Feasting On Flesh
Note: This review is from 2008
Unfortunately, despite including a number of tasty morsels for your degustation, the result this Australian troupe serve up is closer to Turkey Twizzler than cordon bleu. Briefly enjoyable, but not truly satisfying.
It’s a shame, because some of the Feasting On Flesh ensemble have clear talent, and the idea of theming this lascivious variety show around a sinister and twisted dinner party is an appealing one. But at a festival spoiled by the likes of Le Clique for alterative cabaret, this can’t quite pull of the sense of style, atmosphere and occasion needed to elevate it to something special.

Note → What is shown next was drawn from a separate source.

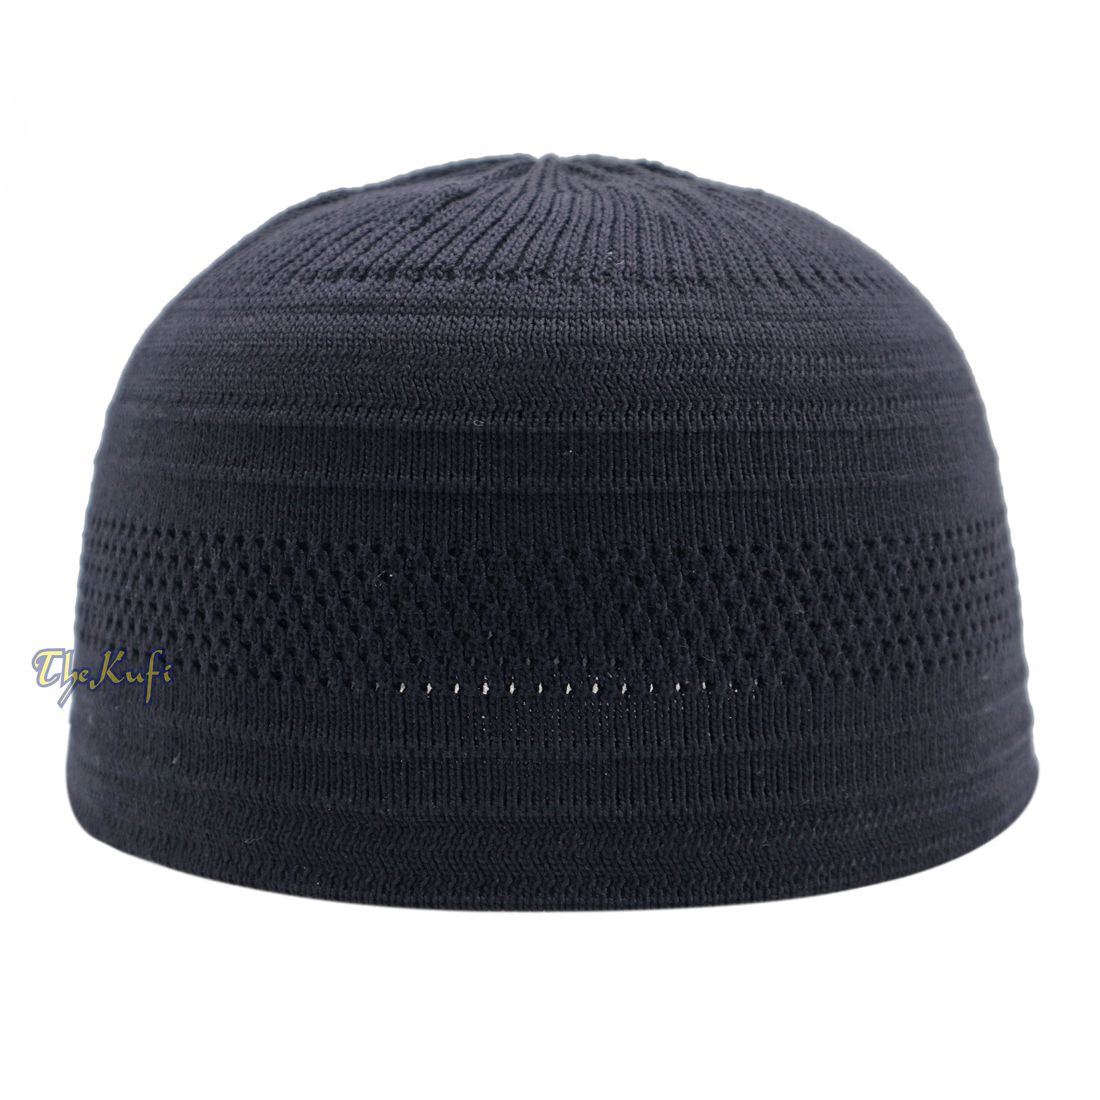 Graphite Cotton Stretch-Knit Kufi Hat Skull Cap

The acrobats provide the main focus of attention. Tumbler Tom Flanagan, from the brilliant Tom Tom Club, is impressively sprightly, flip flopping across the stage or executing some complex dive, while the buff Mark Winmill, who provides eye-candy for much of the show, finally shows what he is capable of with an impressive display of aerial gymnastics.
Talking of eye candy, burlesque star Gypsy Wood certainly looks the mouthwatering part, with the style of a glamorous Fifties scream-queen-slash-Playboy-pin-up. But she can’t quite shake the impression that some of her set pieces are merely strip-shows for those too middle-class to enter real topless bars. Her tantalising cling-film routine, however, is artfully seductive.

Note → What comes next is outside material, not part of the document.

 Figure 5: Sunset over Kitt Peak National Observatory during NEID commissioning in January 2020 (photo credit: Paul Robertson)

A gorgeous – but uncredited - femme fatale also boosts the sultry factor, with more burlesque and a passionate song while drag queen Le Gateau Chocolat has a rich, operatic bass voice. His main talent, however, is being a large man in a dress, and a rather characterless one at that. He might have been able to pull off the vampy allure better had one of his supposedly glamorous frocks not looked much the worse for wear.

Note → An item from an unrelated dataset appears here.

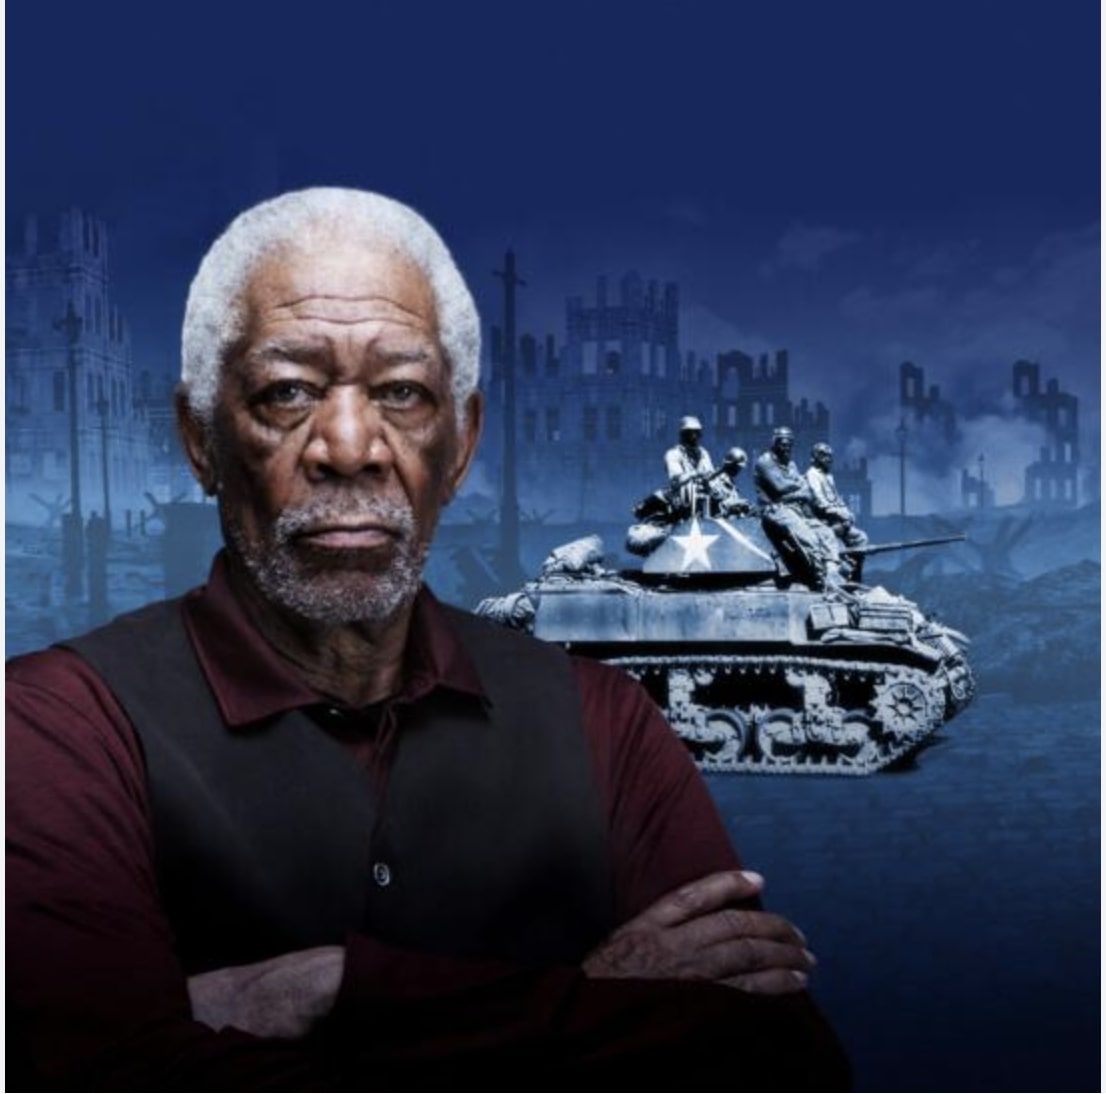 Morgan+Freeman+speaks+about+the+impact+of+the+761st+tank+batallion.

Plum-voiced narrator Billie Brown holds it all together, with the help of a brooding original soundtrack, moody half-lighting, but some rather awful jokes.
There are so many elements in this show’s favour, but somehow in the cavernous Assembly Music Hall, it lacks the excitement, ambiance and the elusive charisma to be an unmissable late-night haunt. Maybe one for the food fetishists only.